Islam is a faith of the middle ground, the middle way of dealing with situations. Going through Christmas as a Muslim doesn’t mean you have to be bitter and cold or to be aggressive at all. After all, the intention of modern Christmas is either secularized to just spending time with family or to genuinely give honor to Jesus. There are ways to honor Jesus within Christmas as a Muslim and to use that as a gentle form of dawah. When family is together then share the Nativity story in Surah Marayam to let Christians be exposed to a different vision of the events. For many Christians, this is all they need to hear to soften their hearts toward Islam. Don’t engage in debate of course, your purpose in joining the family with Christmas as a Muslim is not to push your views, but merely to share.
My advice to converts who struggle with letting go is to simply take it slowly. Islam was revealed over the course of 32 years, you’re not going to perfect it immediately. I advise the following steps:
- Reduce or eliminate any gift buying. Of course it is natural that during a time when people are giving gifts that you will want to give to them. Being generous and giving is definitely a part of Islam, but we have to do it in a proper fashion. Tell friends and family that you would like for them to respect your new faith by not giving you gifts. If this will cause problems or make your parents feel disrespected then I believe it is within the command to honor one’s parents to maintain a non-religious action to keep them happy.

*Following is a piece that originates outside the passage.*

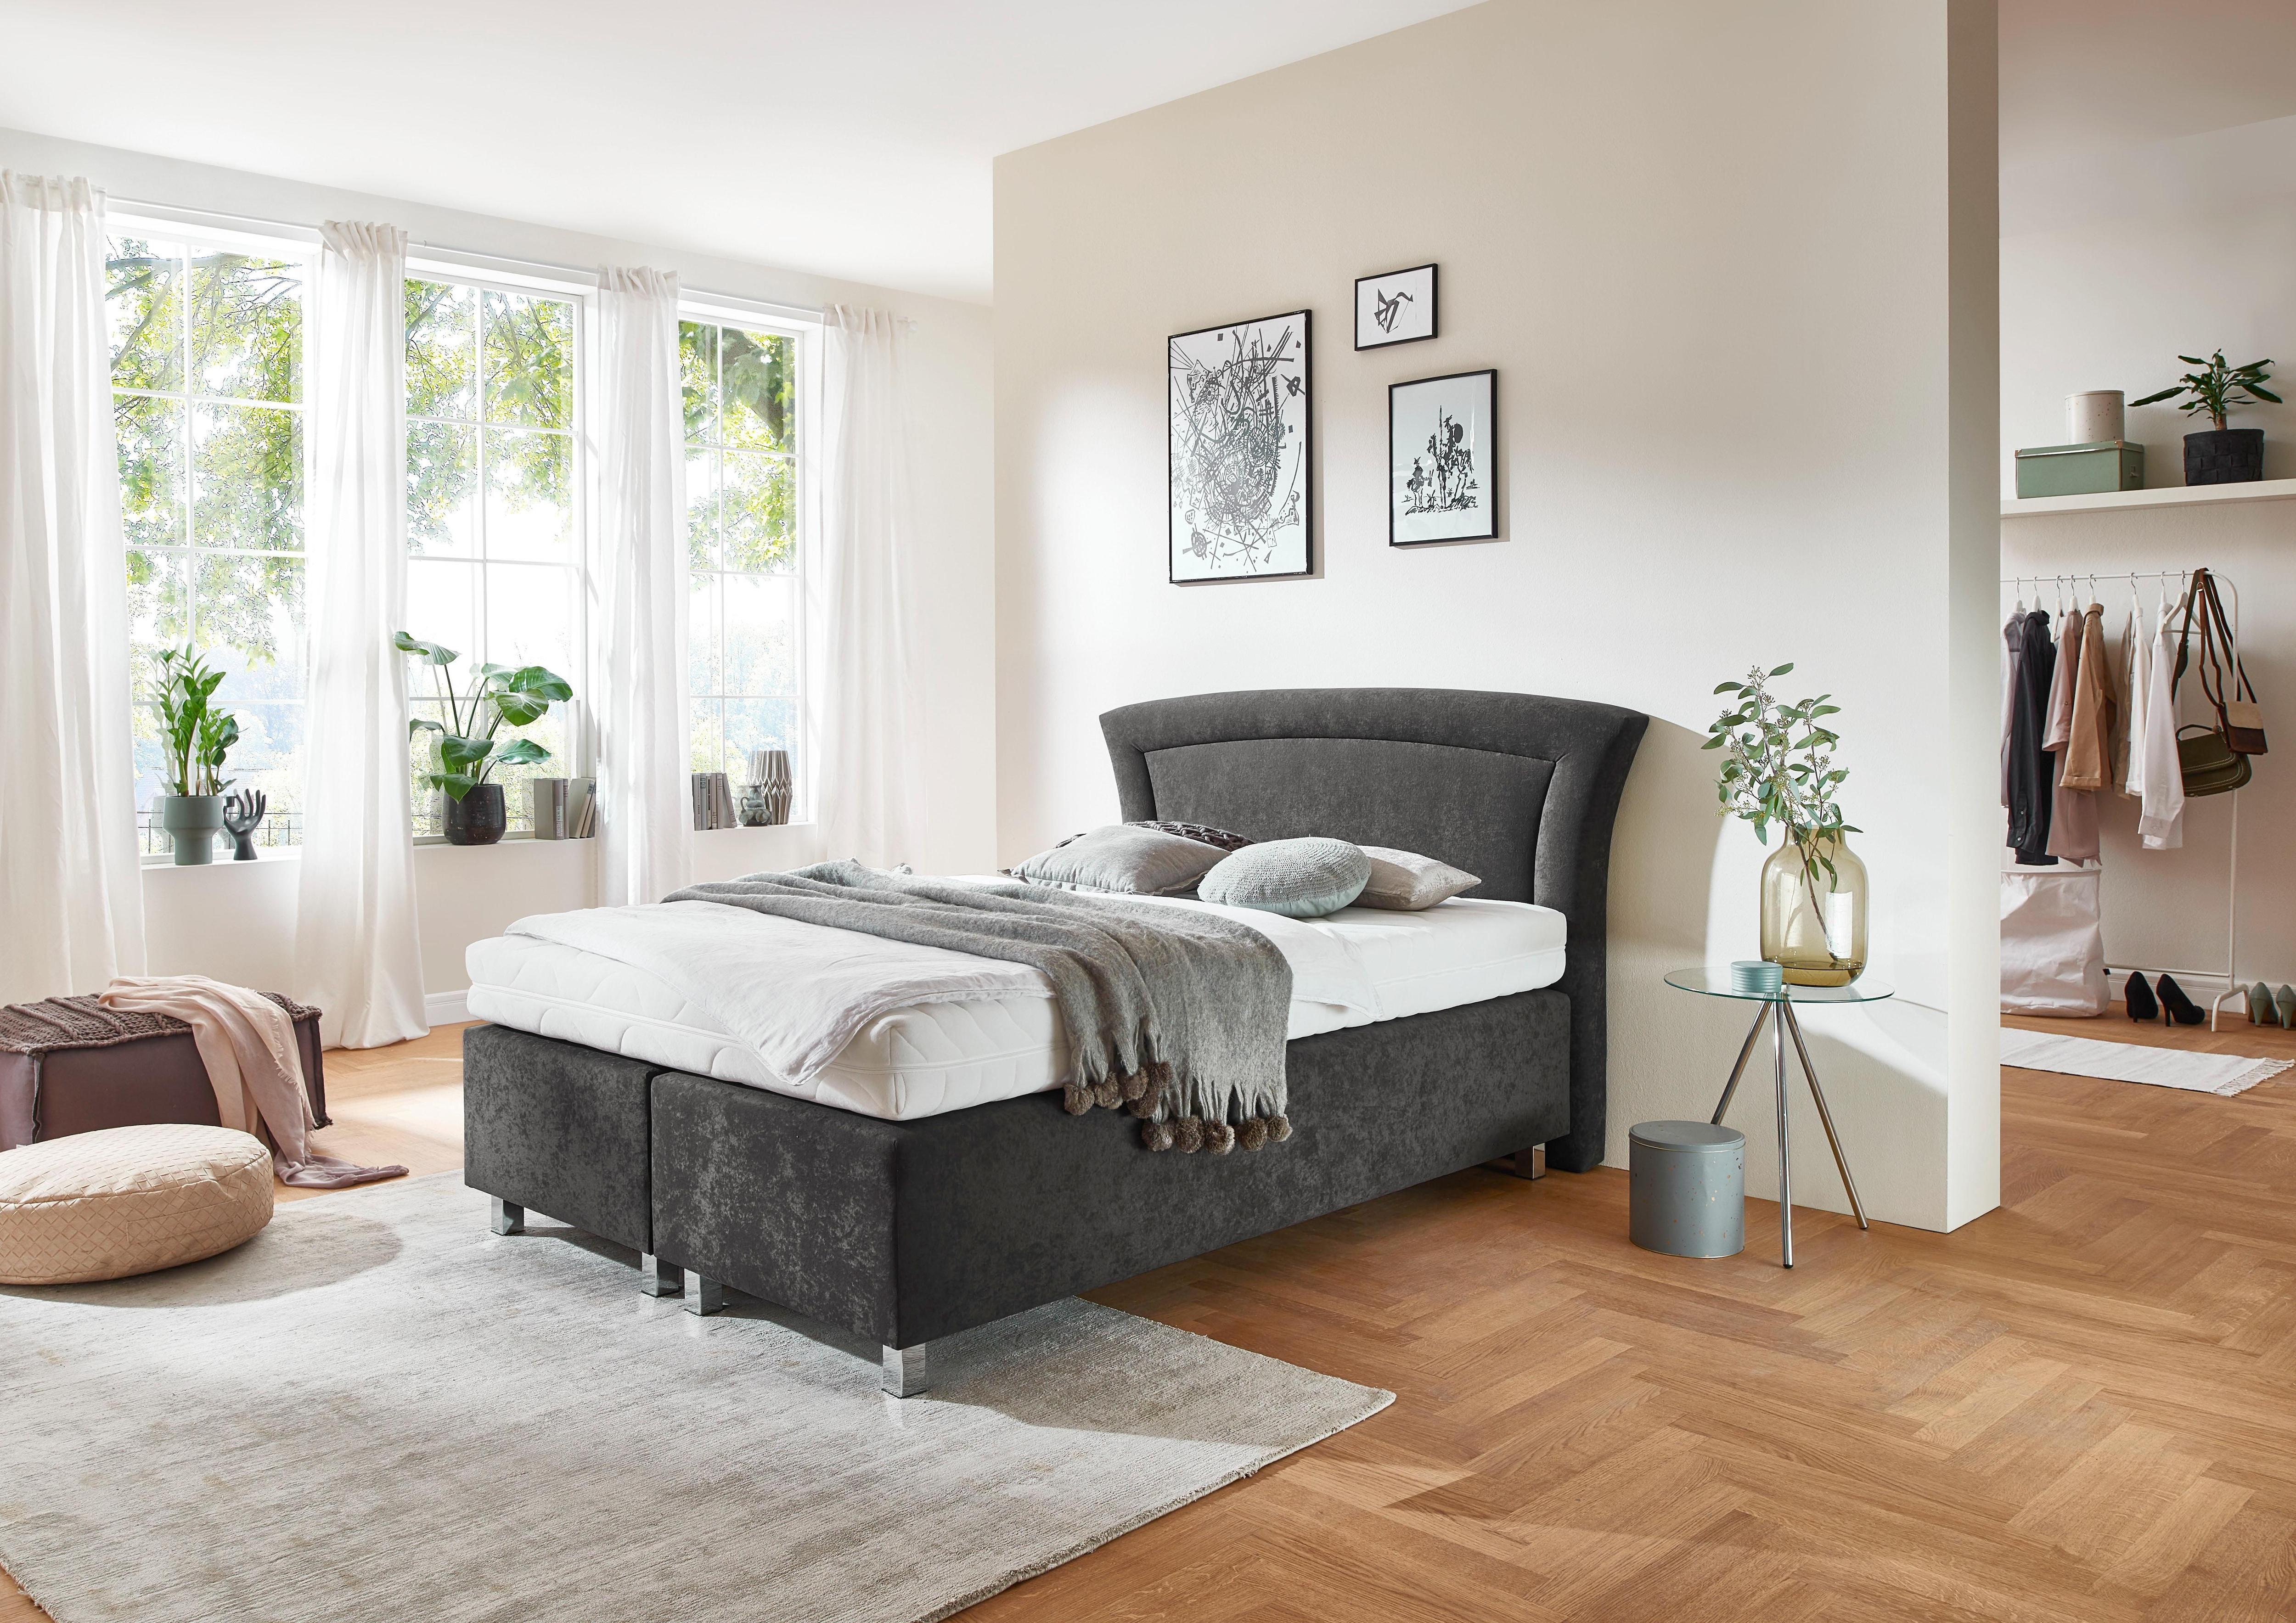 Westfalia Schlafkomfort Boxspringbett, in diversen Ausführungen günstig online kaufen

- Explain to any non-Muslim family members what you are doing. Tell them that you love them and that you respect their religion and you ask them to respect yours. Explain that in Islam we do not believe that Jesus (AS) is God or the Son of God and that means you will not be celebrating Christmas as a Muslim in the same way you did before.

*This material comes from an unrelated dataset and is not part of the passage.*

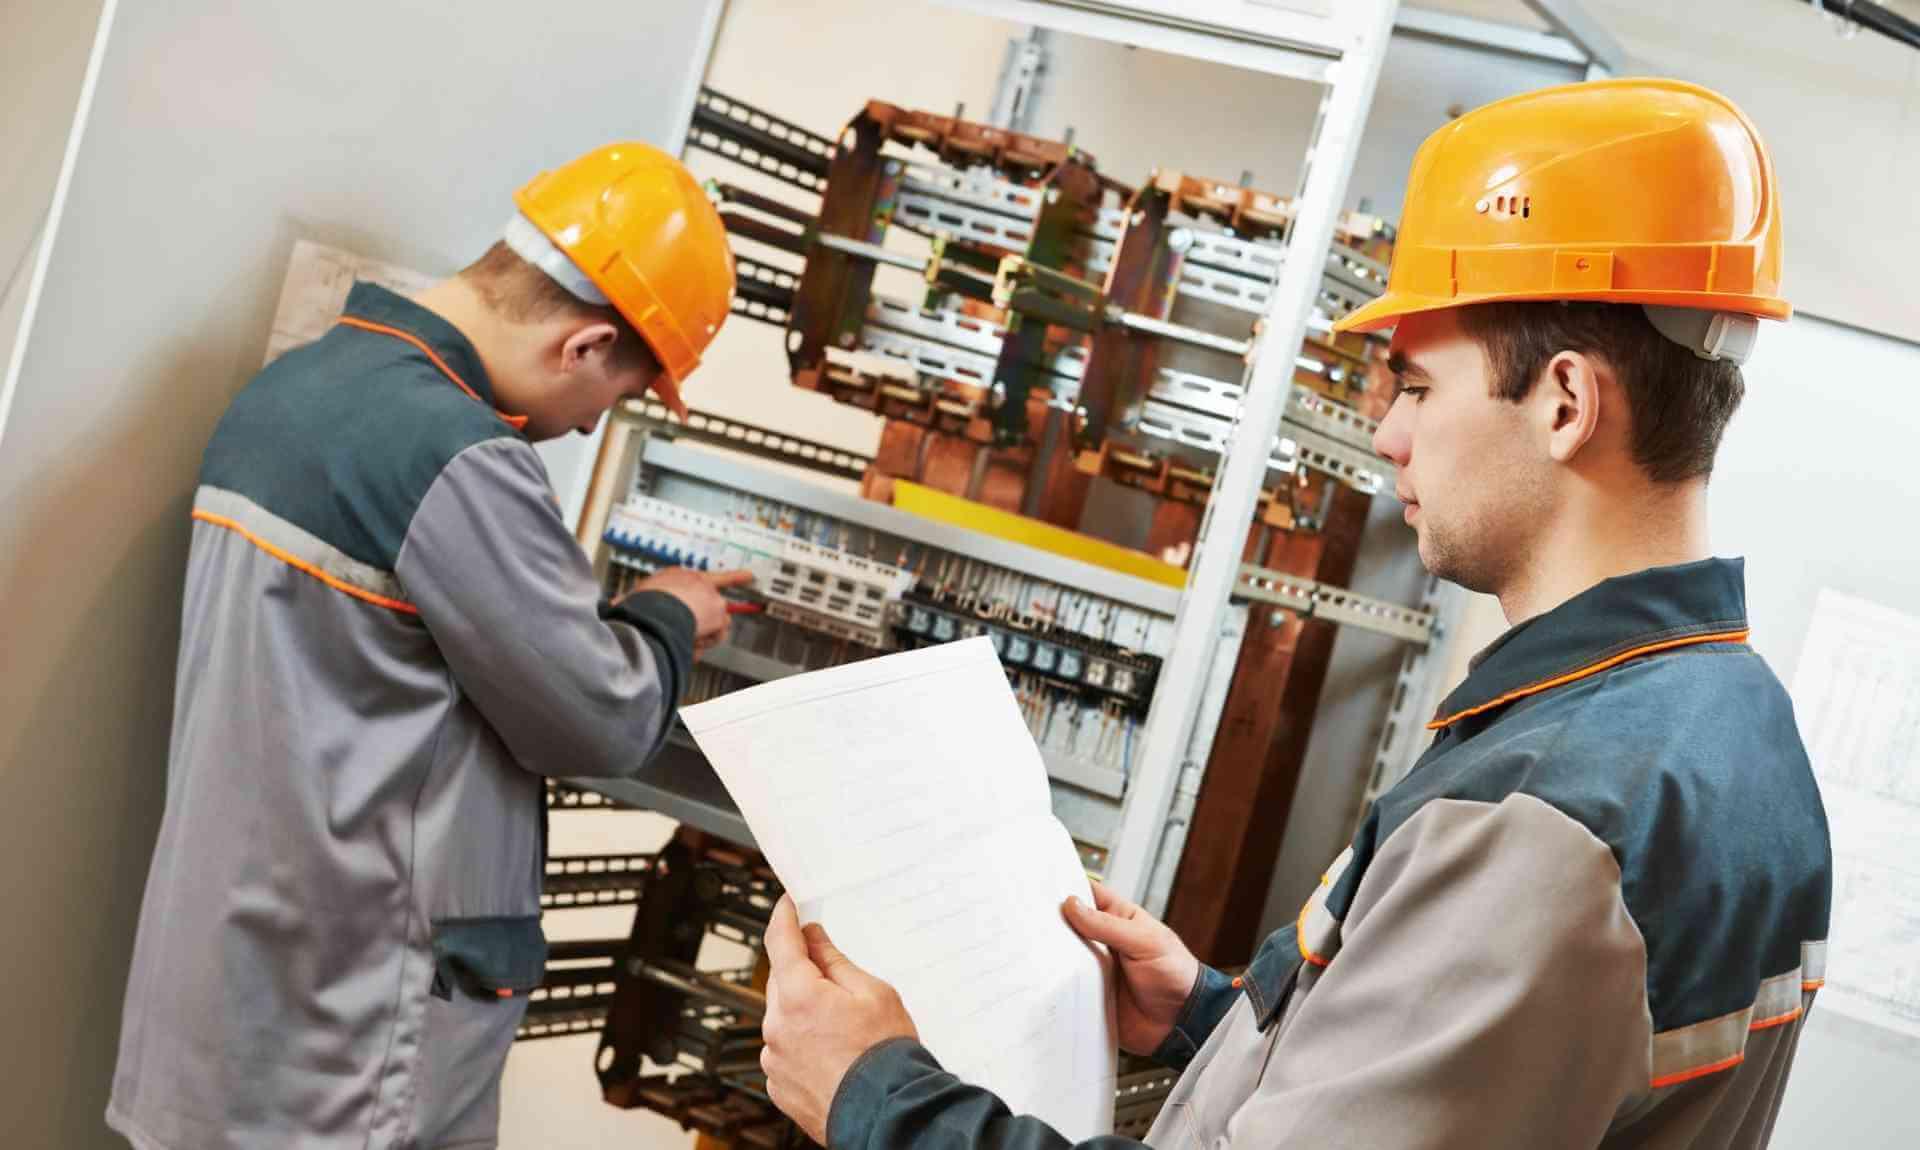 Monteur service en onderhoud woning & utiliteit opleiding

- Eliminate all Shirk from your life. Any reference to Jesus (AS) as anything greater than a Prophet must be wholly rejected. That means that you refuse to sing any Christmas songs or participate in anything that has anything to do with calling Jesus the son of God.

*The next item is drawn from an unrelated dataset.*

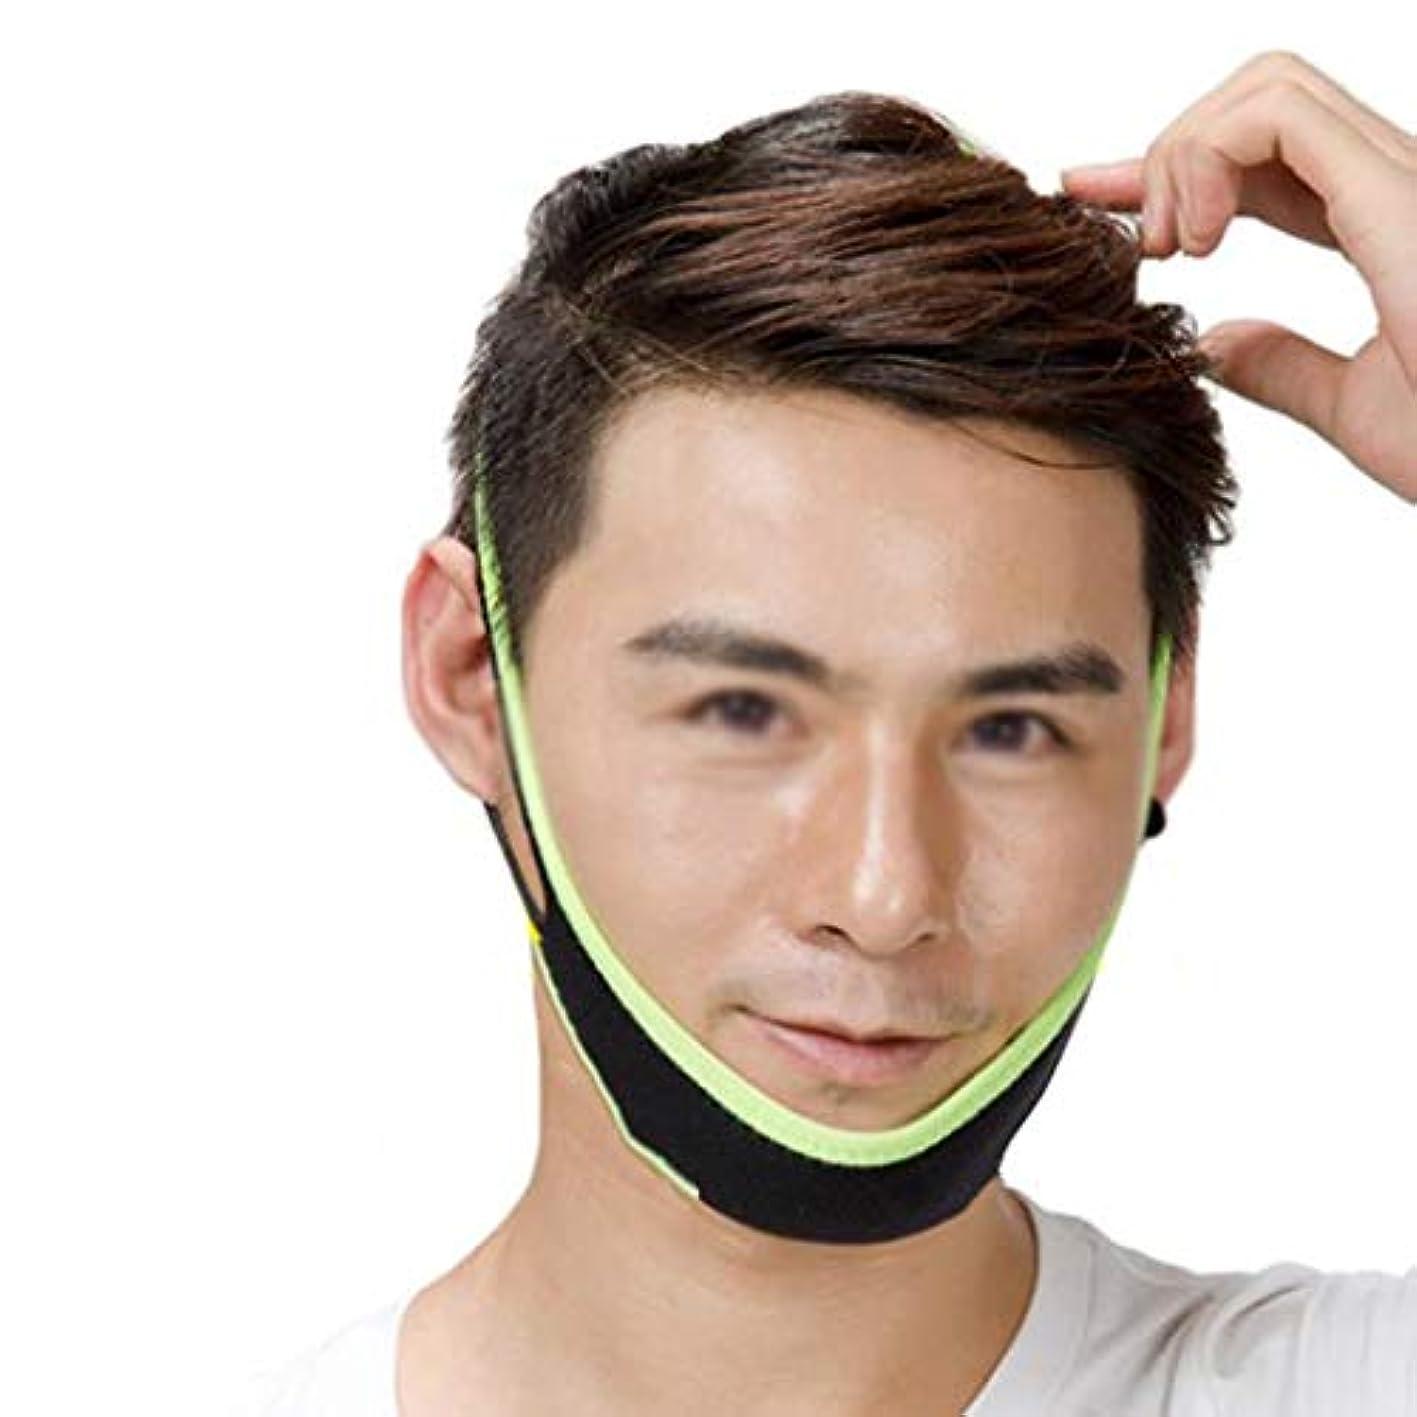 ディレクトリ悪性ながらZWBD フェイスマスク, マスクアーチファクトアーティファクトリフティングマッサージアーティファクト付き薄い顔の包帯メンズスペシャルスリープスモールVフェイス

- Stop decorating. This can also be done in stages.
- Decorate for Eid ul-Adha and Eid ul-Fitr. Give gifts to your family and friends during this time invite them to dinner on these dates. This will make the elimination of Christmas and Easter from your life a far easier proposition as you are replacing them with something far better as the Eids are ordained by Allah (SWT).
Lastly, don’t be a grump! If someone says “Merry Christmas” then respond with “Happy Holidays,” “You too!” or something else positive. As Muslims we are commanded to return greetings with one that is equal or greater. If you snort back a curt “I’m not Christian!” or “I don’t celebrate!” then you’re responding to a positive greeting with something negative. That’s not sunnah!

What most of us loved about Christmas had nothing to do with the religious side of the celebration anyway. Rather, it had everything to do with the love of family and drawing closer to one another. Last year I talked about this issue with Abraham Kamara, a scholar from Al-Azhar University, who expressed very clearly, “My advice into that would be to go with them [your family], try to make them see Islam through you, through your behavior. But if you leave them, separate yourself from them totally, it’s like you’re not doing dawah.”
You cannot give this dawah if you are hard and spend all the time telling them why Christmas is wrong. Instead, let them witness the beauty of Islam by drinking and eating halal things, by being kind and by showing mercy in the way Jesus (AS) taught.